Marr est bavard mais évite soigneusement les aspérités. Il évoque rapidement le cas Dale Hibbert (le 5ème Smiths), évacue assez vite la toxicomanie d’Andy Rourke (dont il loue les qualités et se félicite de l’amitié), parle rapidement de sa propre consommation d’herbe et d’alcool (pourtant centrale dans certaines compositions du groupe) et résume l’histoire de The Smiths à un tête à tête quasi idyllique entre Morrissey et lui, sous le haut patronage de son ami éternel Joe Moss, son double paternel, mentor et dont la place affective est tout aussi importante que celle du chanteur dans la vie de Marr. L’évocation de la rencontre Marr-Morrissey (un classique) est magnifique et presque au niveau de tout le reste. On aime quand Morrissey interroge Marr dans la rue pour lui faire choisir le nom du groupe : The Smiths ? The Smith Family ? Ou The Walking Wounded ? Et on se dit qu’on a échappé au pire. Pour le reste, cette biographie ressemble à une autoroute allemande : elle est droite, on y va vite et on prend à peine le temps de regarder le paysage. Marr, comme l’avait fait Morrissey, choisit de laisser une large place à sa carrière post-Smiths et se fait justice lui-même en donnant l’importance qu’elle mérite à ses autres aventures musicales, depuis Electronic, jusqu’à The The ou à l’épisode moins fameux des Cribs. Là encore, on peut trouver que tout ceci est traité un peu superficiellement sauf à considérer qu’il ne s’est rien passé de véritablement intéressant ou qu’aucune anecdote marrante n’est venue agiter ce qui est présentée comme une longue ode à l’émancipation artistique et personnelle.

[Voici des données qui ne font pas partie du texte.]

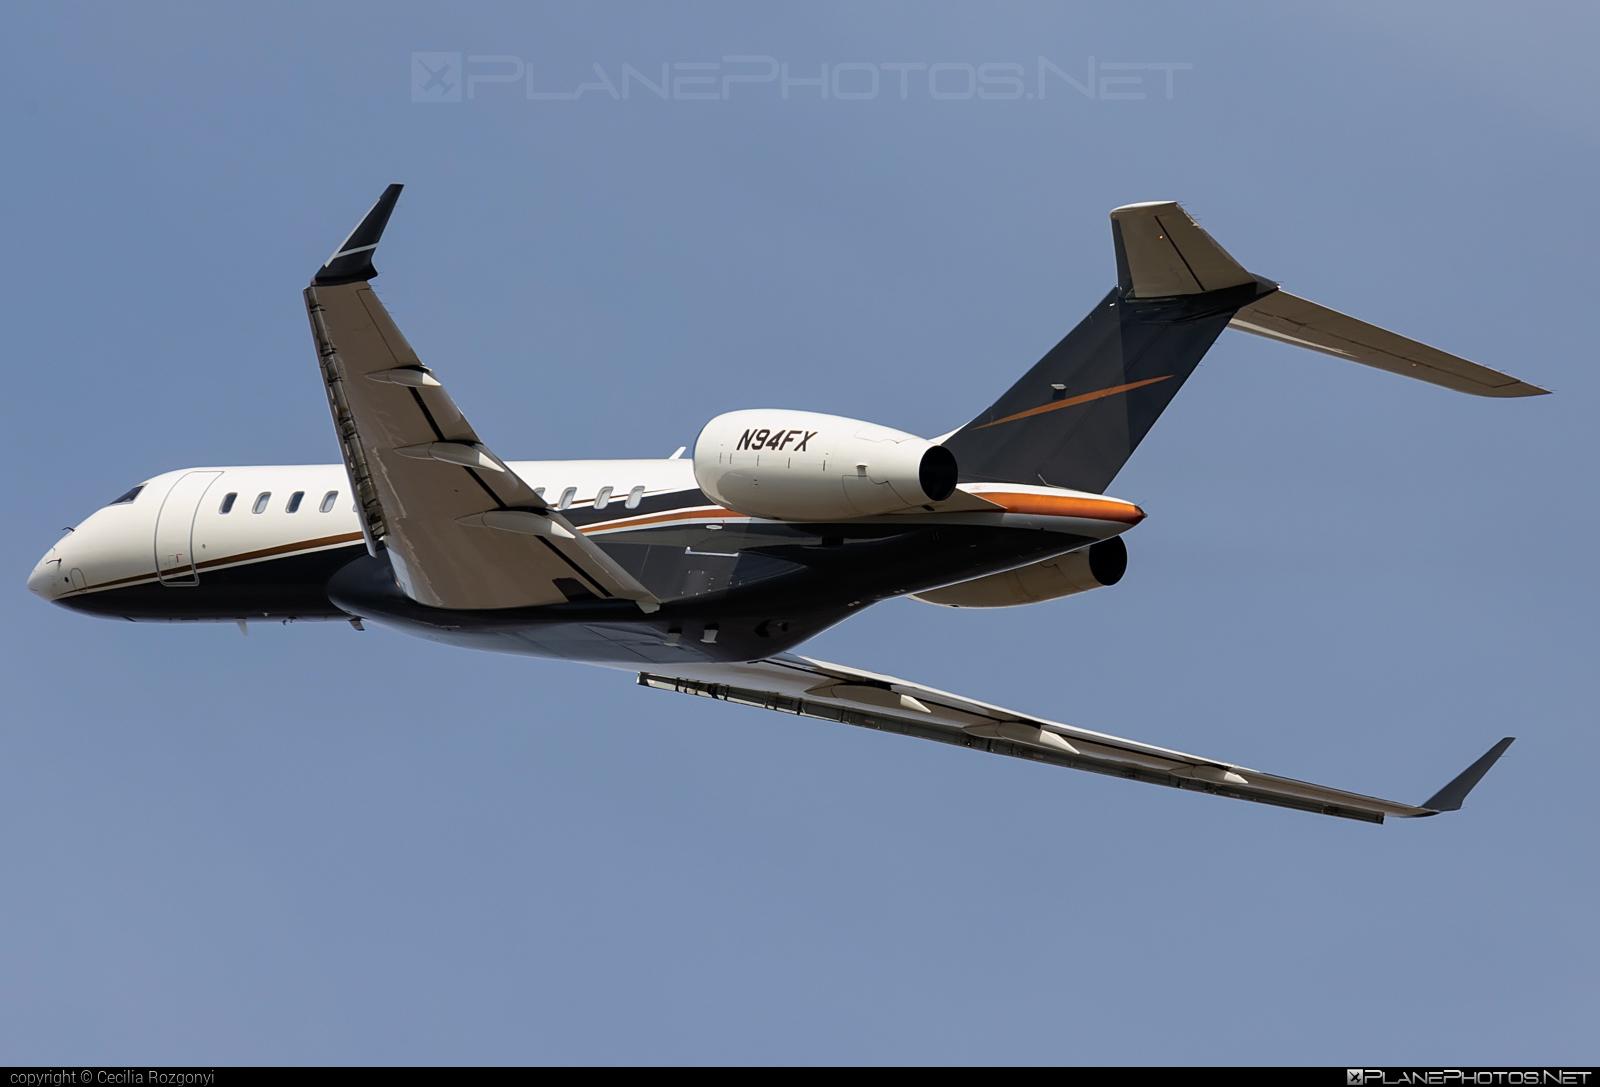 Bombardier Global Express XRS (BD-700-1A10) - N94FX operated by Flexjet #bd7001a10 #bombardier #bombardierglobalexpressxrs #flexjet #globalexpress #globalexpressxrs

Le reproche qu’on peut faire à Johnny Marr à la lecture du livre est le suivant : il a eu une vie pleine, heureuse et émaillée d’accomplissements artistiques, personnels, professionnels, nombreux, répétés et sans heurts. Ce qui fait une vie heureuse ne fait pas une bio réussie et c’est évidemment un paradoxe. On a tellement pris l’habitude de lire des trucs sordides, et des histoires de hauts et de bas, que cette réussite exemplaire nous ennuie profondément. Mais ce n’est pas du tout la faute de Marr.

Set the boy free n’en reste pas moins un livre émouvant et qui donne une image flatteuse de son auteur. Il fraie avec Keith Richards, joue avec ses idoles et ne se loupe jamais. Il aime la même femme depuis toujours et fonde une famille heureuse. Il joue de la guitare comme un dieu et découvre lors d’un séjour au Maroc qu’une vie saine (sans tabac et avec plein de footings dedans) lui assurera probablement une existence prospère. Que demander de plus ? A trop forcer le trait du héros pop, on en revient (sans honte) à préférer les trahisons de Morrissey, ses non-dits et ses névroses, ses loupés et ses coups de poignard. L’histoire est cruelle et le public encore plus. Le point d’orgue du livre, largement éventé dans la presse, se situe (et cela en dit beaucoup sur l’accueil fait au livre) quand Marr raconte comment il a renoué l’espace d’une soirée et de quelques coups de fil avec le chanteur de son groupe. C’était en 2008 et cela n’aura duré que quelques heures.

Malgré tout ce qu’il aura réussi et tout ce que le rock lui doit, entre 1986 et 2008, le seul moment où Marr nous intéresse vraiment, c’est quand il se trouve dans la même pièce que Morrissey.